Let’s start with a little background
Beauty has been inseparable from the Korean culture for centuries, stemming all the way back to the BC era. With a culture that has been creating and developing products and techniques for so long, that expertise has caught the eye of not only the US, but most of the world as well. Products like BB creams and cushion compacts were already long-time staples in Korean makeup bags by the time they introduced themselves to the American market in the last few years.
Korean consumers are the driving factor that keeps the Korean beauty industry so competitive and reasonably priced. With highly informed consumers who have little to no brand loyalty, along with skincare and makeup being such an accepted, almost mandatory, part of Korean culture, beauty companies are forced to produce cutting-edge, high quality products at rapid speeds and low prices. In Korea, there is an almost tangible rivalry between beauty companies: the second one company does something new, you can bet all the other companies will have their own, better version of it in a few weeks. This means new innovations are always on their way.
And need I say anything about the packaging?
So what makes the Korean routine so different?
A Korean skincare routine doesn’t necessarily mean that the products have to be Korean and only Korean. The “Korean” bit of the routine is more about a mindset than a product origin. But given the expertise and market environment of the Korean beauty industry, there are so many wonderful products with new, cutting-edge ingredients (and great packaging) to choose from. With such a vast, and affordable, collection of offerings, why not give it a try? Part of the Korean routine IS actually to have fun and how can you not have fun when applying your moisturizer from an animal shaped bottle smiling madly at you? Hmm?? No frown lines here ladies and gentlemen!
Prevention is the best cure
Anyway, what makes the Korean approach to skincare so different than say, the American approach, is not only in the amount and types of products used, but the emphasis on prevention as the best cure. Unlike here in America, where makeup is used more to achieve a flawless look, Korean beauty starts with healthy skin.
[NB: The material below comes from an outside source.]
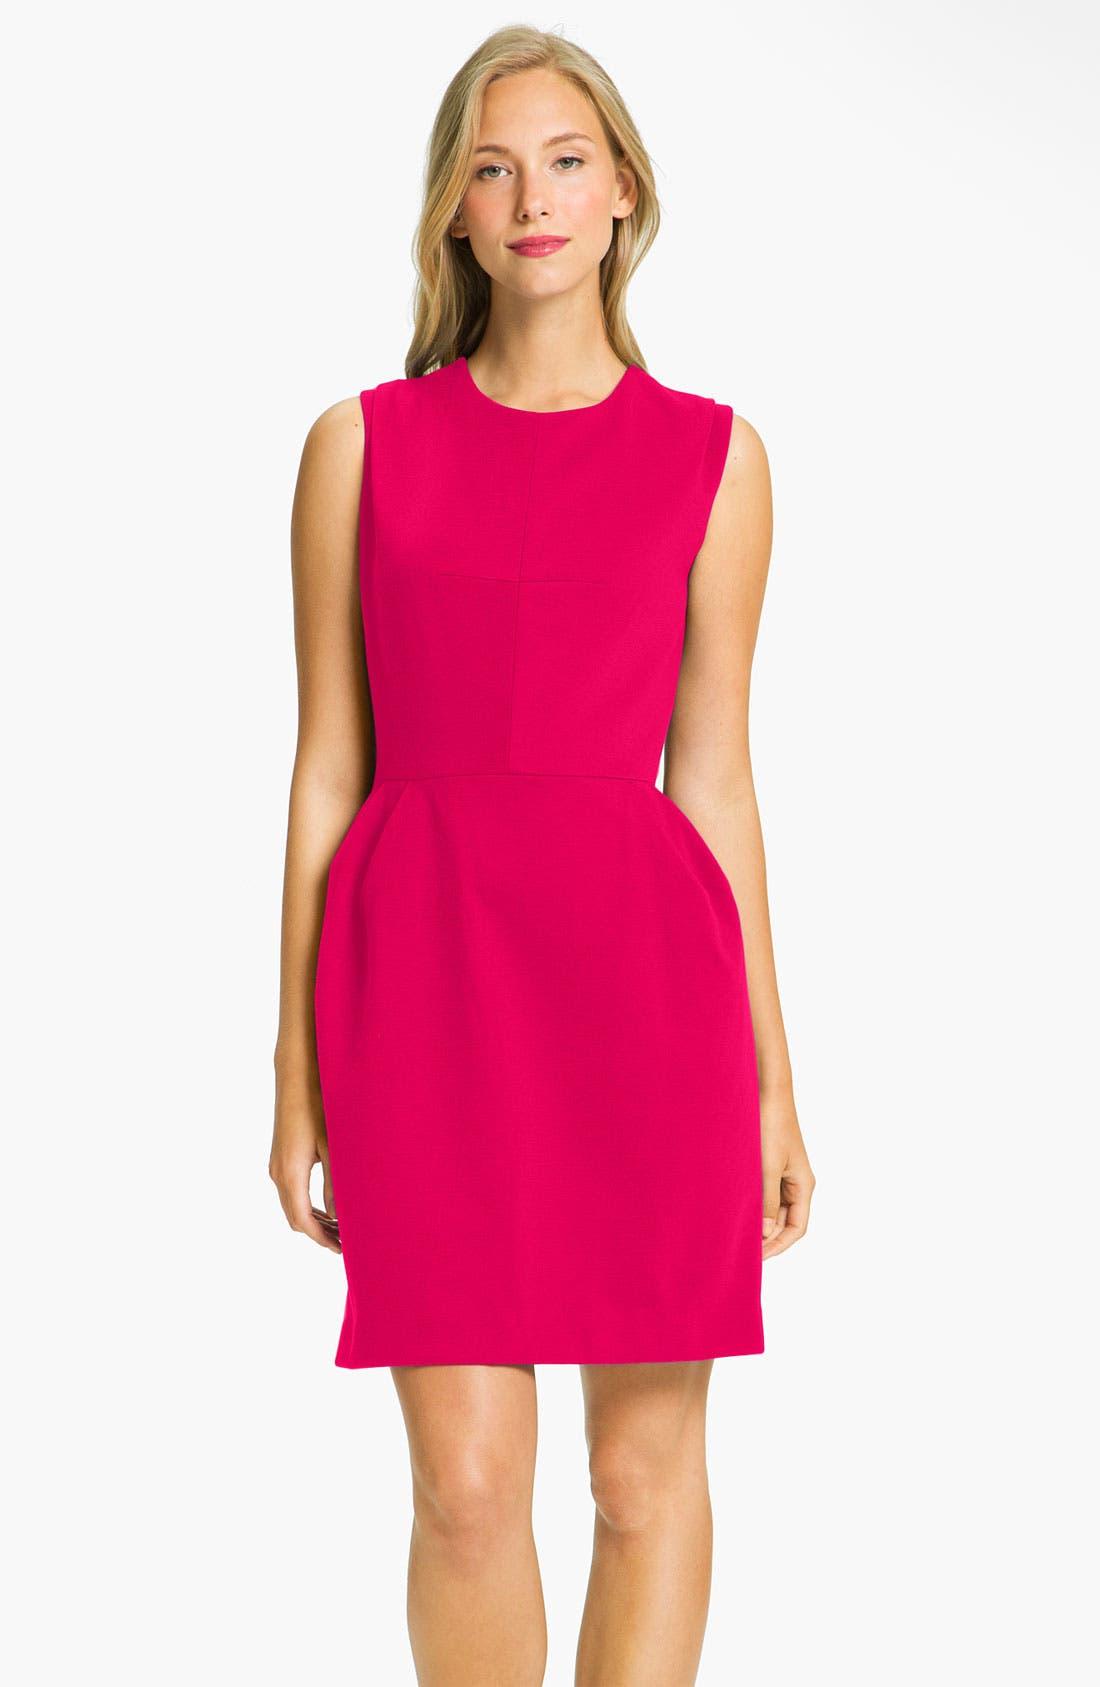 Main Image - Donna Morgan Sleeveless Ponte Knit Tulip Dress (Petite)

Instead of caking on a foundation to fake a flawless face and piling on bronzer to get that glowing look, Korean makeup is built to highlight natural, healthy skin that glows from within due to proper moisturization, treatment, and religious sun-care. The ideal skin is smooth and baby-soft, clear and lit from within. Dewy is the new matte. Achieving this kind of skin takes time, patience, and lots of dedication.
But since prevention prevails over treating issues as they arise, the Korean skincare routine uses many light, moisturizing layers to target specific skin issues with products individually designed to address them. Oftentimes, a person will wait until they actually see fine lines around their eyes to go out and buy some sort of anti-aging/eye cream while the Korean mentality is designed to make sure those lines never even form in the first place. Instead of a do-all moisturizer that promises to target multiple (and often very different) things, layers of essences, serums, and ampoules are used to brighten, prevent signs of aging and sun damage, deal with acne, pore refinement, and sebum control, and pretty much anything else you can think of. This allows for an unparalleled level of customization in one’s routine and when different needs arise, instead of having to throw out a whole routine, one or two products can be added in or replaced.
With all these specific, targeted treatments, it’s no wonder that the Korean skincare routine seems so daunting to so many with beauty articles offering to “demystify” the 10+ step routine. In reality, it depends on how many skin concerns a routine is built to address. There is also the fact that certain items in the routine, like peels and sheet masks, are not to be used every single night. Seasonal changes can play a big factor in how many and what kind of products are used. Morning and evening routines can also vary greatly. It’s as individual as its user and can be however short (or long!) the user needs it to be to accomplish their goals. Sounds a lot better than the old three-step routine, no? With skin, one size does not fit all.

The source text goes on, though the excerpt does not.